Ever wondered what actually happens when you run docker run? Under the hood, Linux containers aren’t magic — they’re built on kernel features called namespaces and cgroups. In this hands-on guide, we’ll demystify containers by building one from scratch using raw Linux namespace APIs. By the end, you’ll understand exactly how Docker, Podman, and other container runtimes isolate processes.
What Are Linux Namespaces?
Namespaces are a Linux kernel feature that partitions system resources so that one set of processes sees one set of resources while another set sees a different set. There are eight types of namespaces in modern Linux (kernel 6.x+):
- PID — Process ID isolation
- NET — Network stack isolation
- MNT — Mount point isolation
- UTS — Hostname isolation
- IPC — Inter-process communication isolation
- USER — User/group ID mapping
- CGROUP — Cgroup root isolation
- TIME — Clock isolation (added in kernel 5.6)

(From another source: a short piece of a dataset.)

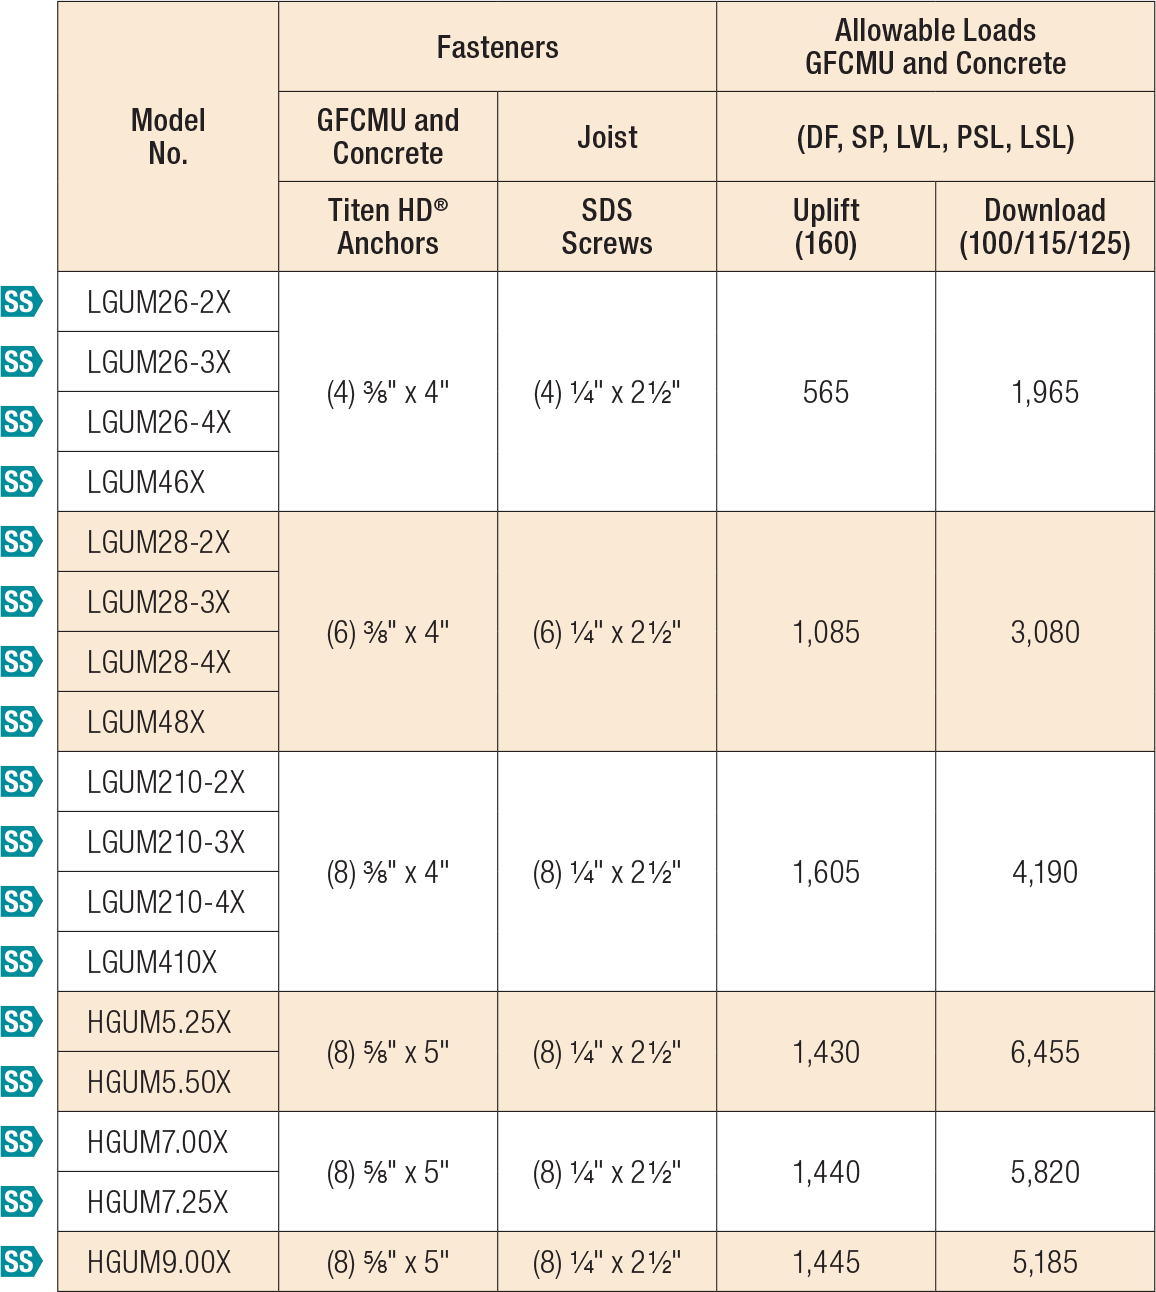 LGUM/HGUM Allowable Loads for Skewed (L/R) Applications

Each namespace type creates an independent instance of a particular global resource. When a process is placed inside a namespace, it can only see and interact with resources in that namespace.
Prerequisites
You’ll need a Linux system (Ubuntu 22.04+ or Fedora 38+ recommended) with:
# Check your kernel version (need 5.6+)
uname -r
# Install required tools
sudo apt install -y util-linux debootstrapStep 1: Creating a UTS Namespace (Hostname Isolation)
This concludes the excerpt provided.